By and large, humans are pretty bad at understanding probabilities. We live in a world of tangible things and real events which makes it hard to wrap our heads around the abstract concept of randomness.
Among statisticians, there are two broad philosophies when it comes to thinking about uncertainty: frequentist statistics and bayesian statistics.
Frequentist statistics assumes that there is some true probability distribution from which we randomly observe some data. For example, imagine we were flipping a coin and trying to determine if it was fair or not.
A frequentist would design an experiment, and determine a hypothesis test. “I am going to flip the coin 50 times, and I will say the coin is not fair if I get less than 20 or more than 30 heads.”
From this frequentist experiment, we will be able to produce a p-value and a confidence interval. These tell us about the probability of observing our particular set of 50 coin flips, out of the universe of all possible sets of 50 coin flips.
On the other hand, Bayesian statistics relies on our prior knowledge about random variables as the foundation model. These prior assumptions can be the result of historical data or simply the statisticians' judgment.
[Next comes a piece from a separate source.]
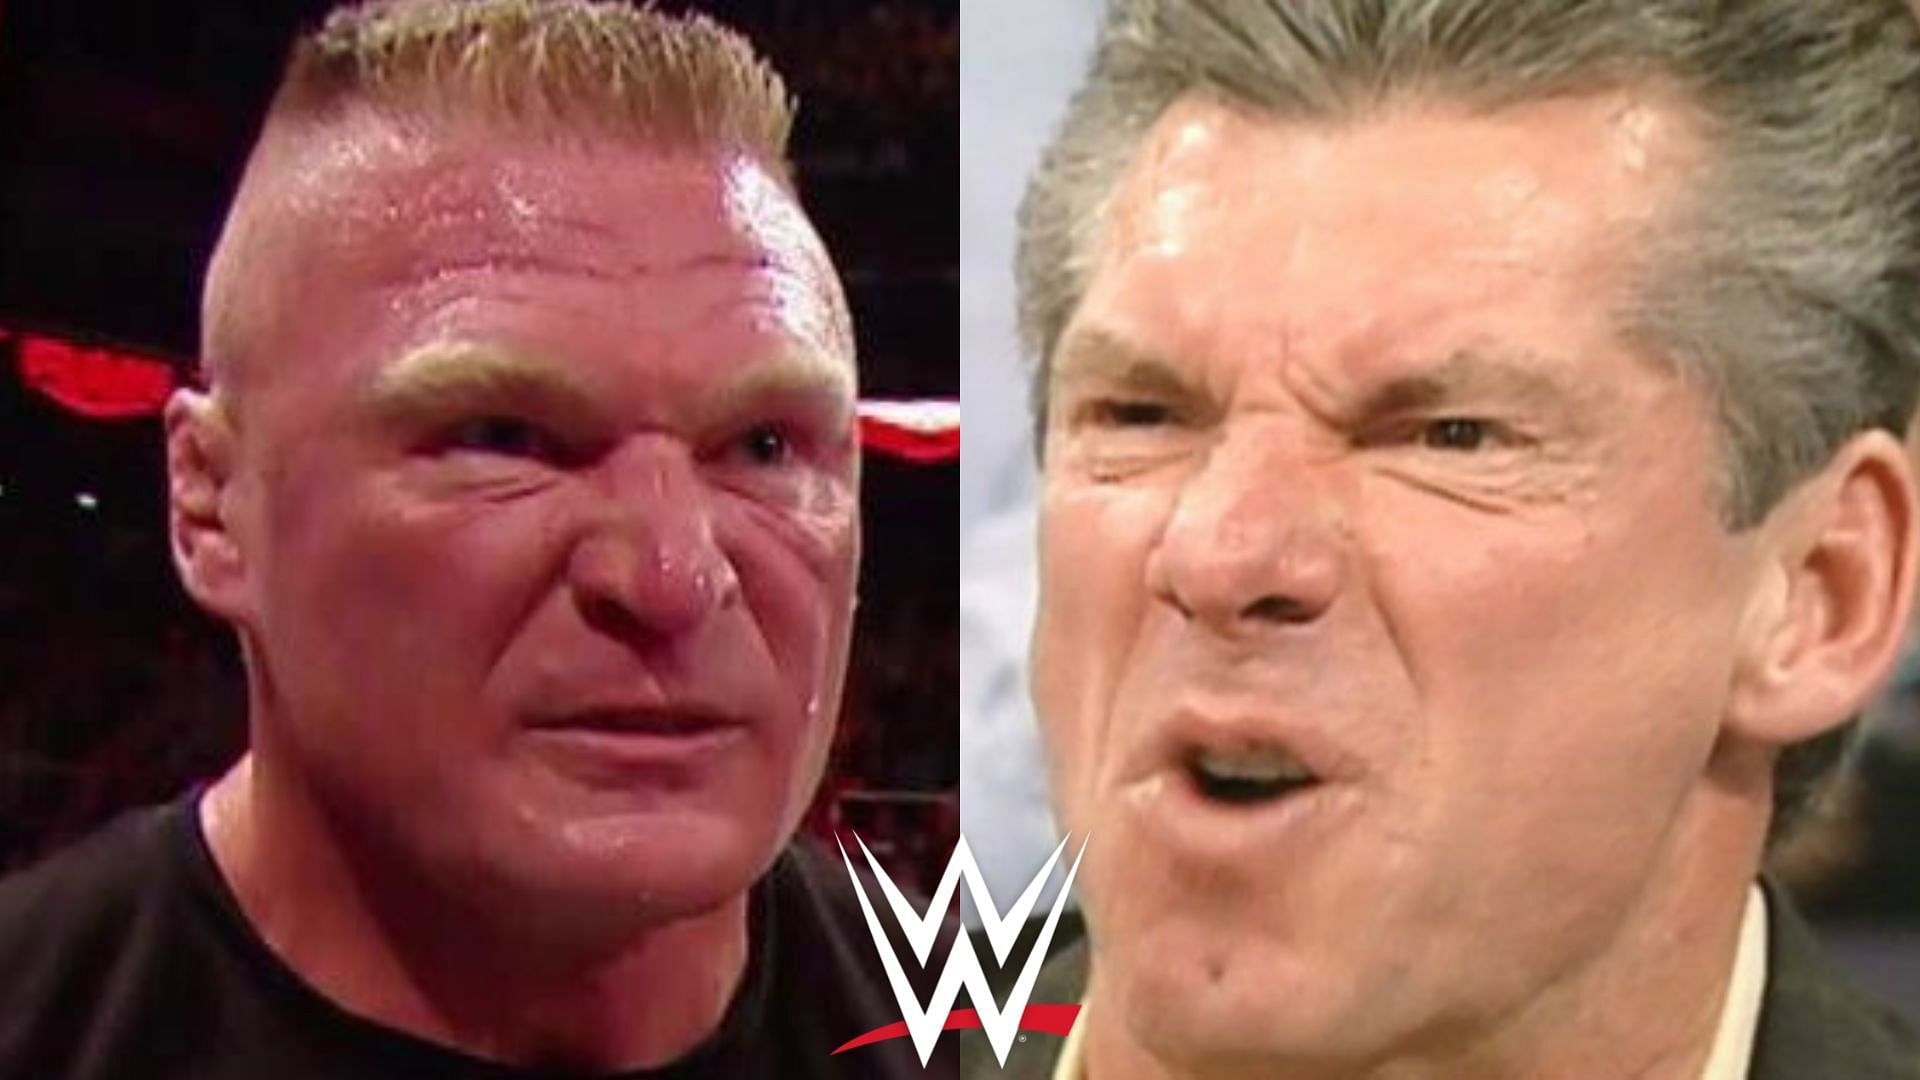 Was Vince McMahon to blame for Brock Lesnar

Take the same coin flipping experiment, we no longer begin by defining a null hypothesis and some criteria to reject it. Instead, we begin with a prior distribution, perhaps assuming the coin is fair, and our goal is to create a “posterior distribution.” In this case, the posterior would be what is the probability the coin is fair.
Assume now that we ran our experiment and flipped 21 heads in 50 tries. In this case, the frequentist would say “We fail to reject the null hypothesis and can not conclude whether or not the coin is fair.” The Bayesian would instead find the posterior distribution, and be able to make a statement about the probability the coin is fair.
In short, the frequentist will never calculate the probability of a hypothesis being true. They will either reject it or fail to reject it. A Bayesian statistician will always begin with a prior guess about whether a hypothesis is true, and update that prior guess as they observe new information.
I personally find Bayesian thinking to be a much more satisfying way to conceptualize uncertainty. We all carry around some prior knowledge about how random things should play out, and as we observe new information we update those priors.
However, one thing to realize about intentionally thinking like a Bayesian is that it is often slow to incorporate new and dramatically different pieces of information. This can be good when the dramatically different information is an outlier that we don’t want to have completely determine how we think, but our priors can be slow to recognize when things do change dramatically.
In practice, I still mostly use frequentist statistics as part of my analysis. In practice, Bayesian analysis is often sensitive to the construction of the prior distribution and it is not always useful to a policy maker when the result of some analysis still has probability baked in.
Still, Bayesian statistics reminds us that we live in a world where things are uncertain. Especially in policy analysis, where we often try to predict future outcomes, it is important to remember that there is uncertainty and unlikely outcomes do not necessarily mean our predictions were wrong.